Херсонес сопротивлялся долго, его крепостные стены были мощным, гарнизон смелым, но и князь не уступал. Несколько месяцев длилась упорная осада. Взять город помог христианский священник Анастас, и русская дружина вошла в город.

Отправил Владимир к братьям-василевсам в Константинополь послов с предупреждением: «Город ваш славный, Корсунь, я взял. Если нарушите слово свое, и не отдадите за меня сестру свою принцессу Анну, то сделаю столице вашей то же, что и с этим городом».

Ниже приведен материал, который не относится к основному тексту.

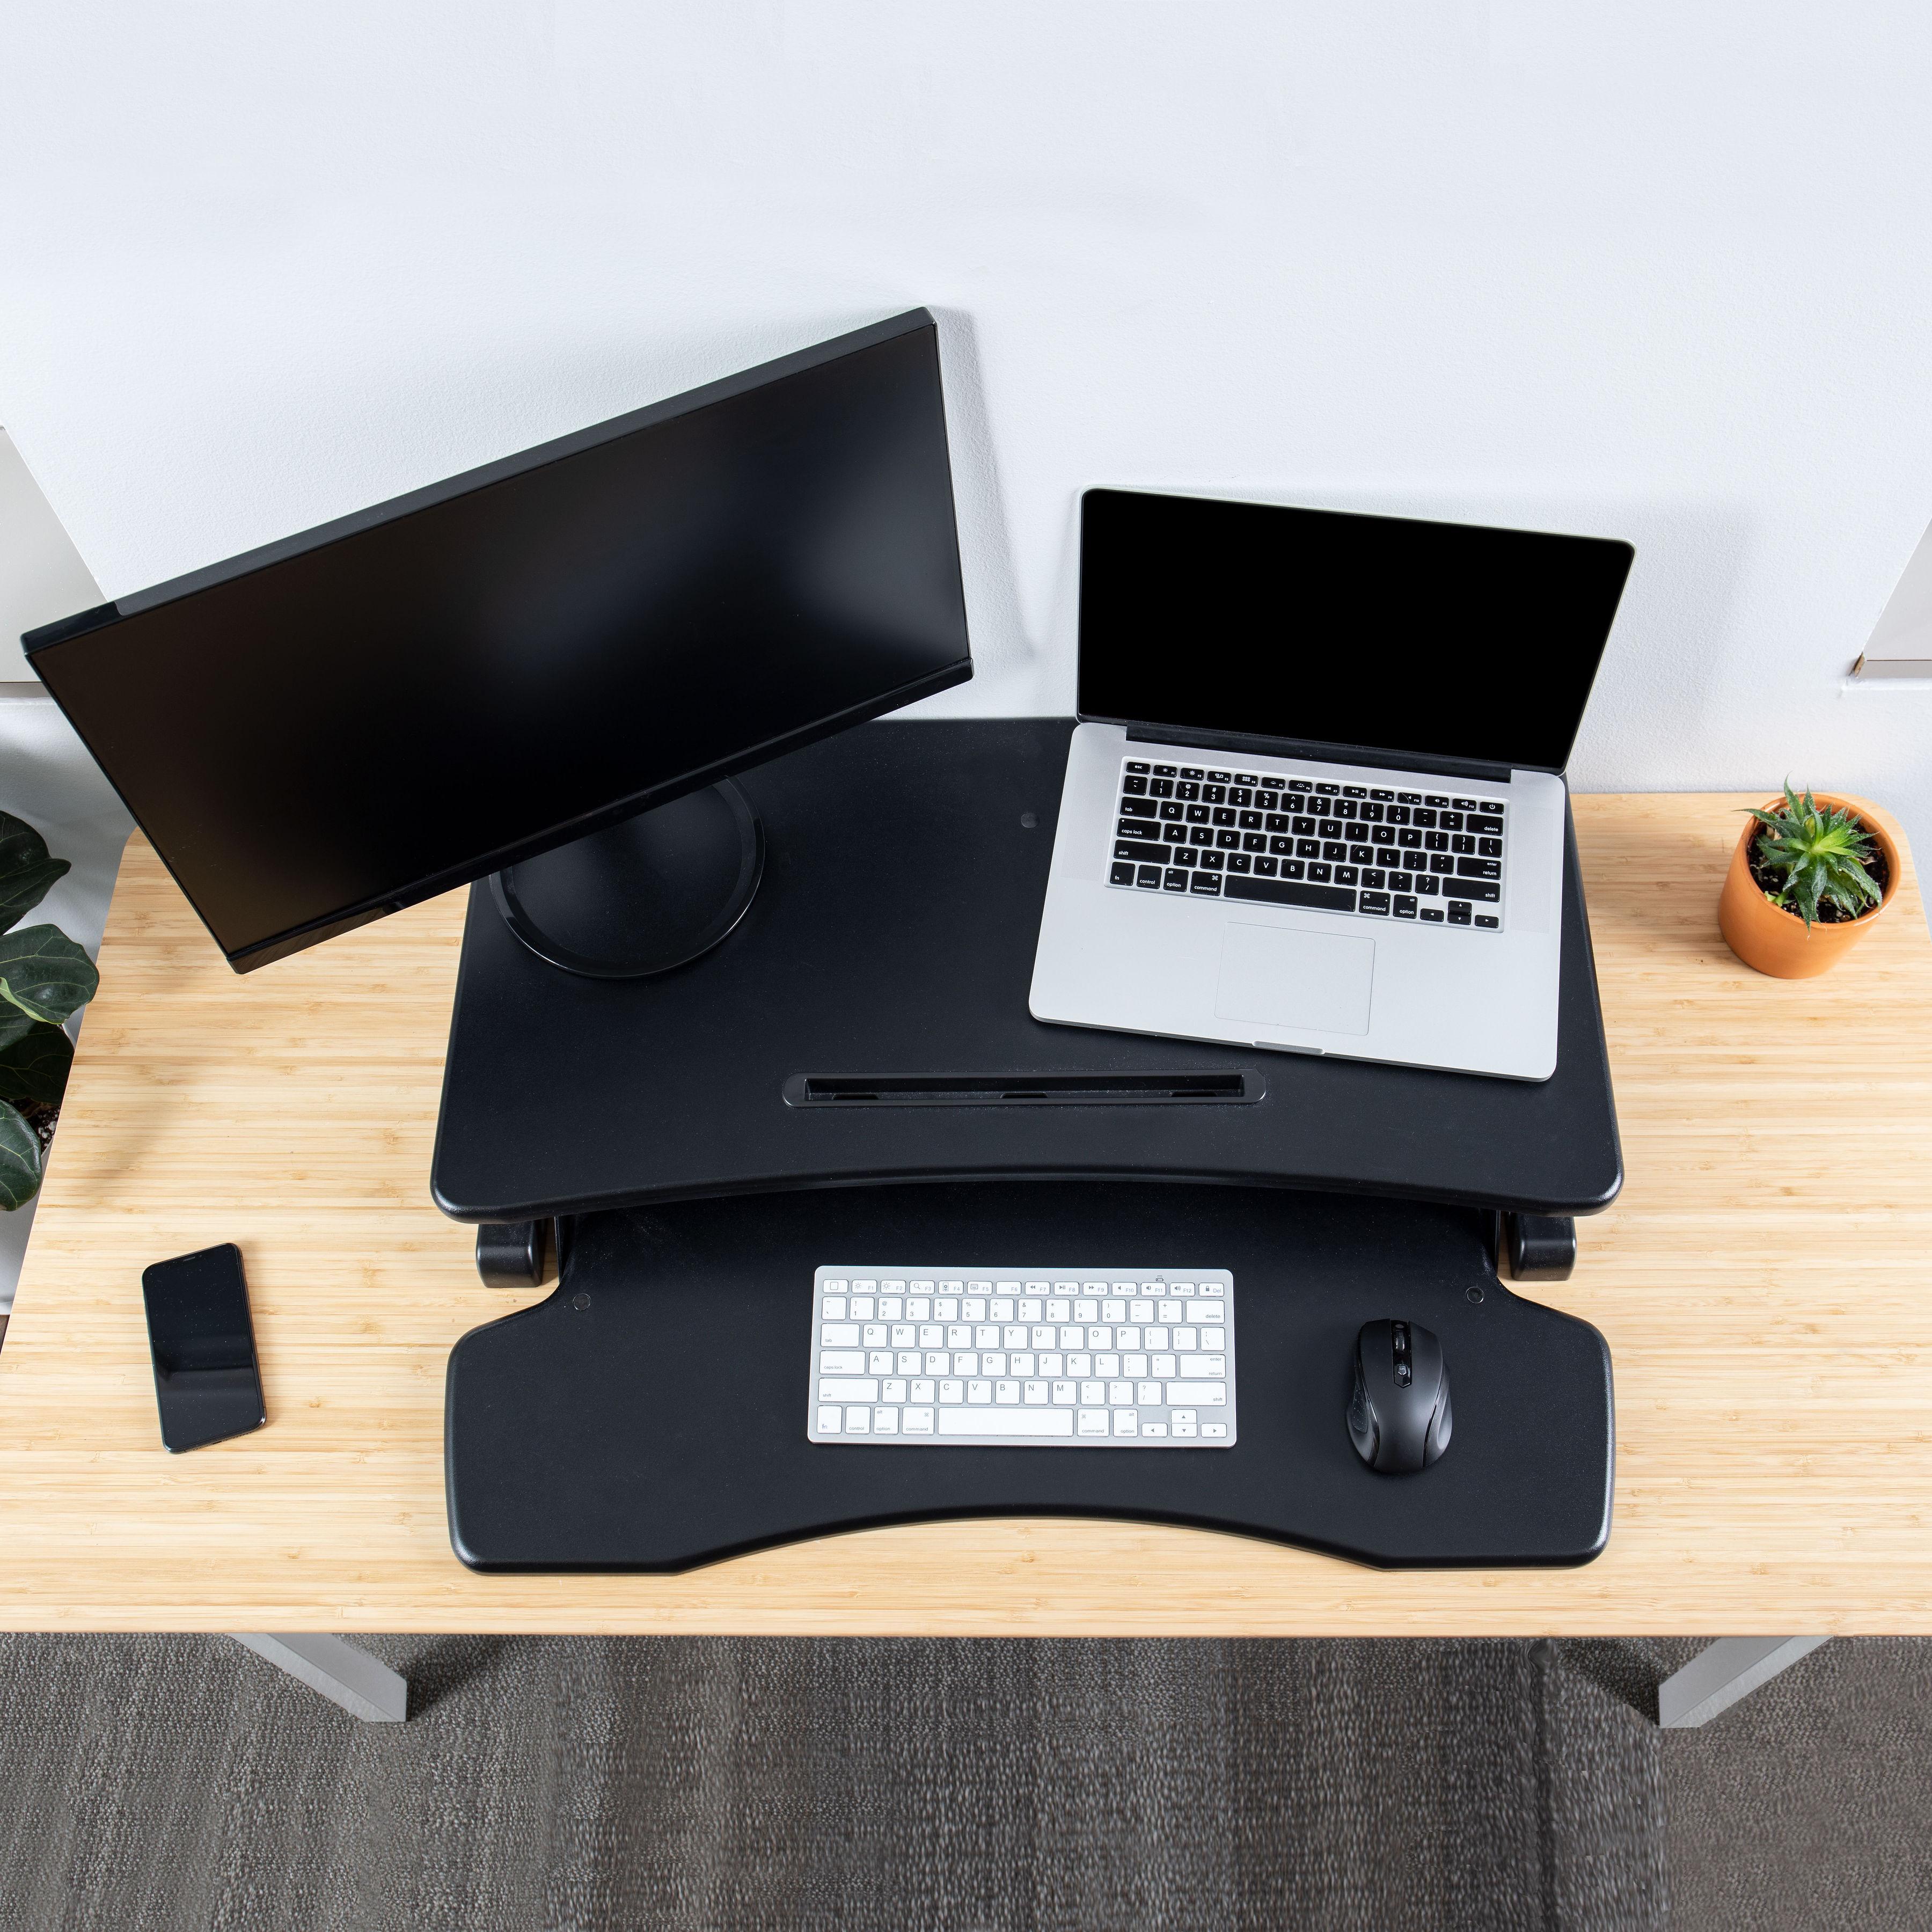 Rise-X-Light-Standing-Desk-Stand-Up-Desk-Height-Adjustable-Desk-Converter thumbnail 11

И пришел ответ князю: «Не пристало христианам выдавать жен за язычников. Если крестишься, то и ее получишь, и царство небесное восприимешь, и с нами единоверен будешь. Если же не сделаешь этого, то не сможем выдать сестру за тебя». На что надеялись василевсы, отправляя князю подобный ответ?

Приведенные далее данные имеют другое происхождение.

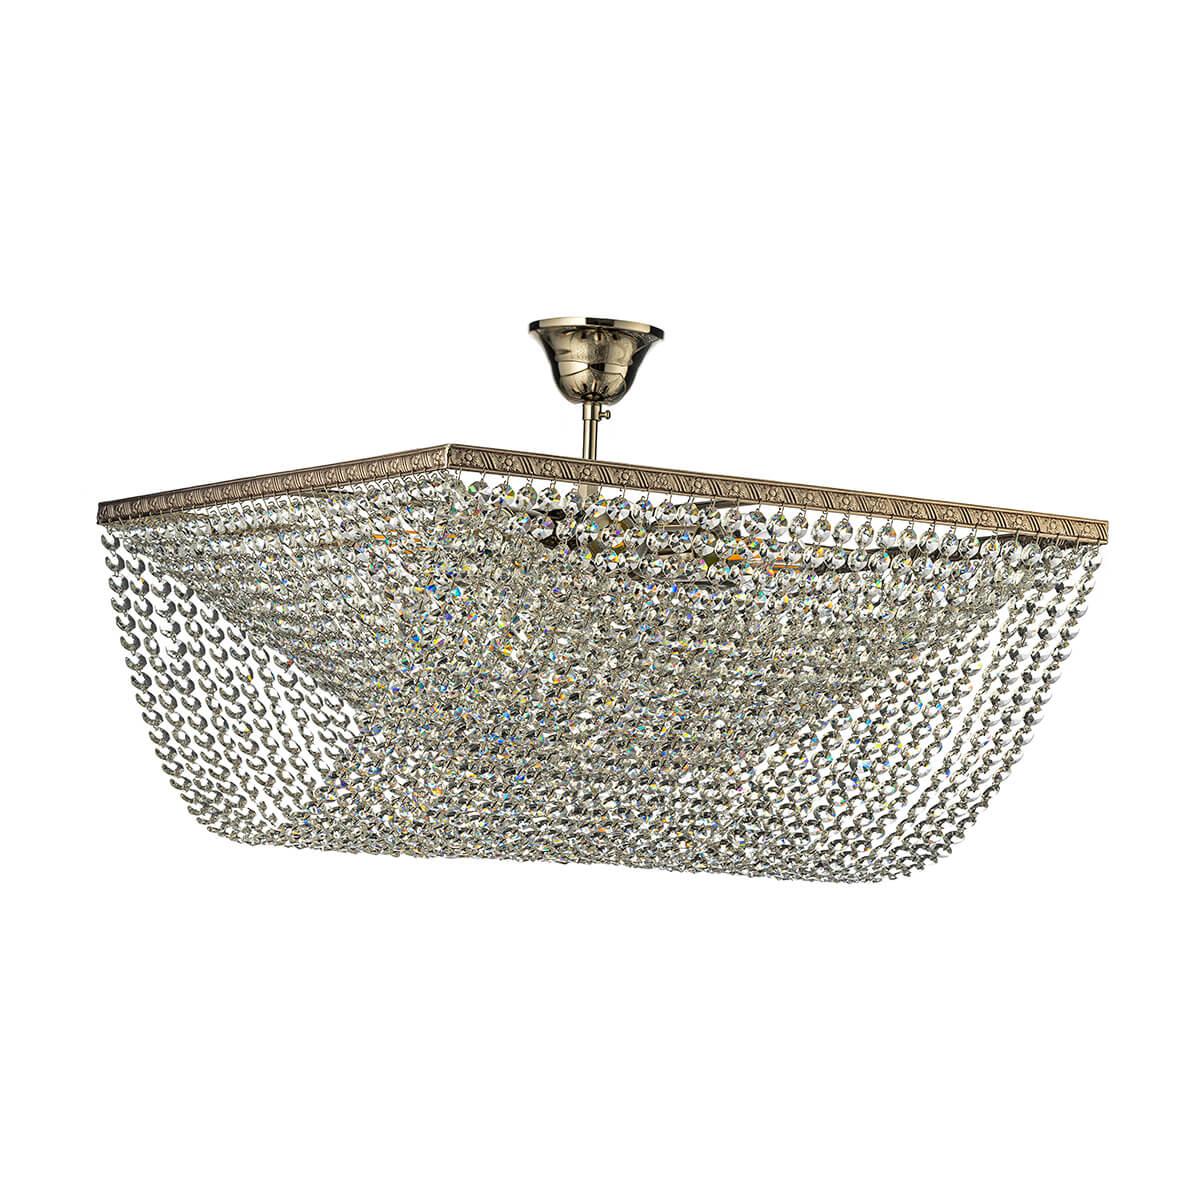 Потолочный светильник Arti Lampadari Nobile E 1.3.50.501 N

Только улыбнулся Владимир этому ответу царей византийских.

«Я крещусь, ибо еще прежде испытал закон ваш и люба мне вера ваша и богослужение – ответил он. – Пусть священники ваши, что придут с Анной, крестят меня и народ мой».

Не хотелось василевсам выдавать сестру за Владимира, не хотелось и крестить его не в Константинополе – ведь тогда Русская земля не будет от них зависеть, и не будет приносить им богатые дары. Совершится такое, чего не мог ранее подучить никто – великий русский князь Владимир примет крещение не как проситель, а как равный им.

Но Василий II и Константин VIII также понимали, что Владимир сделает так, как сказал, и им не хотелось в его лице приобретать врага – сильного и непримиримого. И братья настойчиво, взывая к любви Анны к Византии, начали уговаривать сестру согласиться на этот брак.

– Анна, сестра наша, ты видишь, что мир в царстве Византийском сейчас зависит от тебя. Может быть, обратит тобою Бог Русскую землю к покаянию, а Греческую землю избавишь от ужасной войны. Видишь ли, сколько зла наделала грекам Русь? Теперь же, если не пойдешь, то сделают и нам то же, – уговаривали они принцессу.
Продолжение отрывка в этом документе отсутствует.